SLAs are available for just about any type of service, from traditional T-carrier services to frame relay. Internet service providers (ISPs) also offer SLAs for IP-based Virtual Private Networks (VPNs), intranets, and ex-tranets. Some ISPs even guarantee levels of accessibility for their dial-up remote-access customers. IBM, for example, offers an SLA for its remote-access customers that guarantees a 95-percent success rate on dial-up connections to the IBM Global Network.

Although SLAs usually cover the services telecommunications carriers provide to corporate customers, they can also cover the services an IT department provides to other business units within the organization.

Service Provider SLAs

Among the growing number of service providers that offer SLAs is AT&T. The carrier offers SLAs at no extra charge in three different frame relay environments: domestic, international, and managed.

DOMESTIC The five SLAs for AT&T’s domestic frame relay service include the following measures of network performance:

PROVISIONING If an agreed-on due date is missed for a port or PVC, recurring charges on the port or PVC are free for one month.

RESTORATION TIME If a customer reports a frame relay service outage (even if the problem is with local access) and it is not restored in four hours, recurring charges for the affected ports and PVCs are free for one month.

LATENCY If the customer reports a one-way delay from service interface to service interface (SI to SI) across the frame relay network of more than 60 milliseconds and AT&T can’t fix the problem in 30 days, recurring charges for the affected PVC are free each month until repaired.

THROUGHPUT If 99.99 percent of the packets offered to the frame relay network within a PVC CIR (committed information rate) are not successfully transported through the network and AT&T can’t fix the problem in 30 days, recurring charges on the PVC are free each month until repaired.

NETWORK AVAILABILITY If the customer’s network is not available at least 99.99 percent of the time each month, the customer receives credits commensurate with network size.

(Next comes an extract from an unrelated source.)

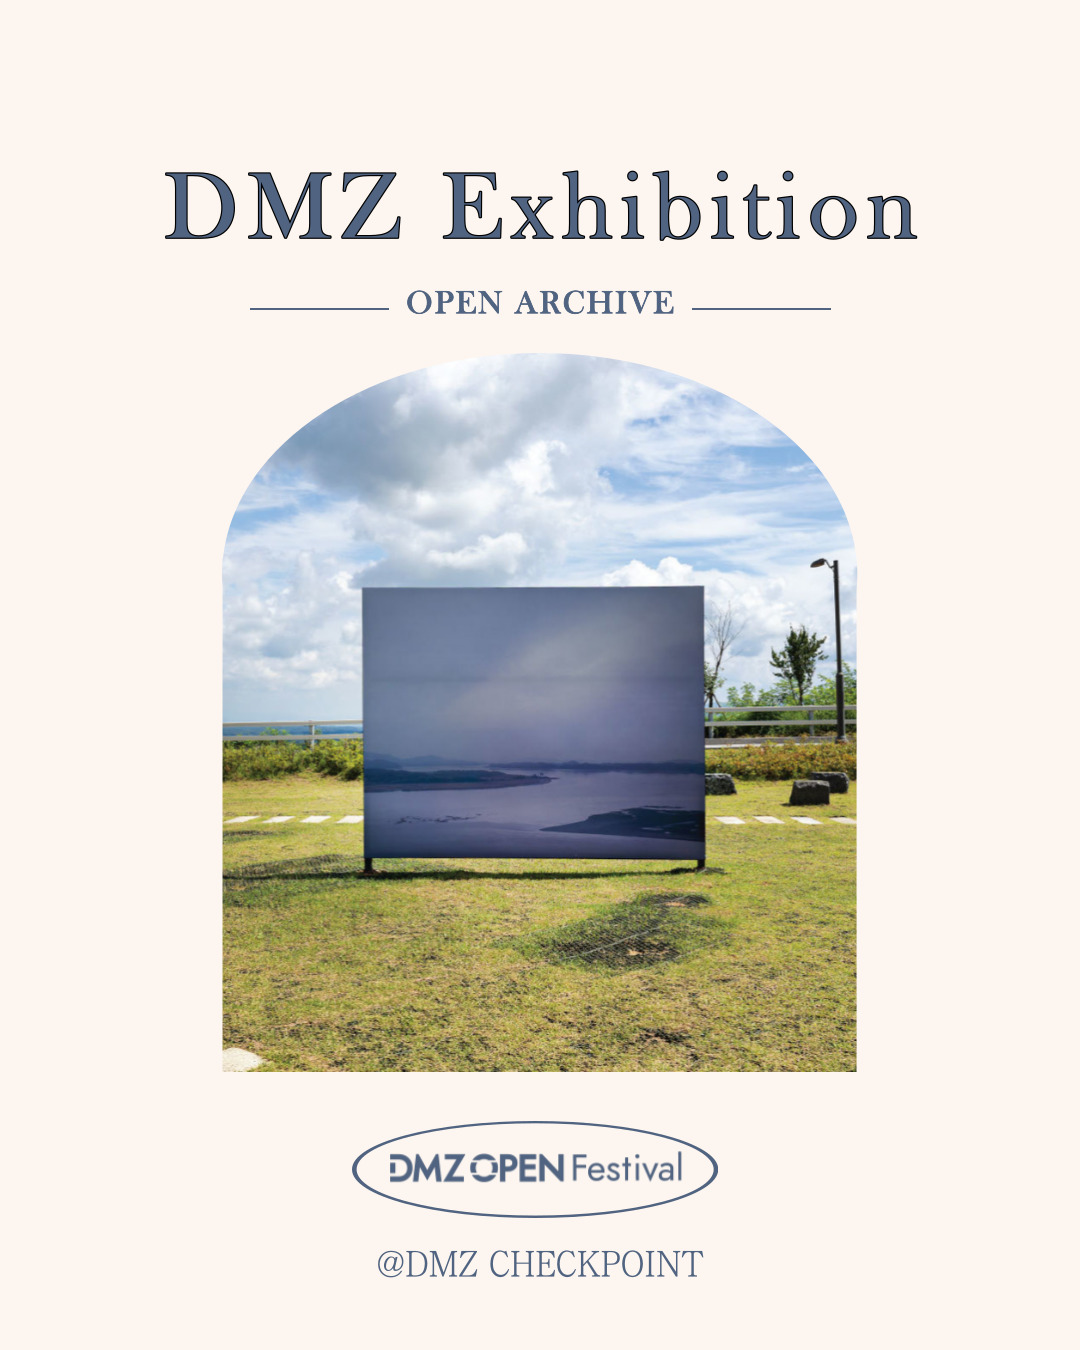 DMZ Exhibition(OPEN ARCHIVE). DMZ OPEN Festival. @DMZ CHECKPOINT

AT&T also offers a suite of network management tools to support the SLAs. As part of its Customer Network Management (CNM) options, customers use two free Web-based tools: Order Manager and Ticket Manager. Using Order Manager, customers can enter service orders via the Internet and track their progress. With Ticket Manager, customers can enter trouble tickets related to performance metrics. CNM provides weekly and monthly reports on port and PVC usage, discards, network congestion, and other performance factors. CNM can also be used to create exception reports with definable thresholds.

INTERNATIONAL AT&T also offers SLAs for international customers, guaranteeing on-time provisioning and premise-to-premise availability of individual PVCs. The metric for on-time delivery is 100 percent, and there is no limit to the number of orders that can qualify for this credit. If the mutually agreed-to due date is not met, a one-time credit of $500 will be given per missed qualified order.

International network availability is measured from customer premise to customer premise. For example, if a 64-Kbps PVC experiences less than 99.8 percent availability; credits ranging from $25 to $525 will be applied. Credits are allocated based on PVC size and the amount of down time. Latency and throughput measures for international services are also available.

MANAGED Customers who use AT&T Managed Network Solutions (MNS) to manage their networks are covered by end-to-end SLAs, ensuring that AT&T will implement services on time, deliver predictable and reliable network performance, and provide consistent ongoing support. These comprehensive SLAs, available at no extra cost, apply both to AT&T’s network transport services and to all related equipment up through the router on the customer’s premises.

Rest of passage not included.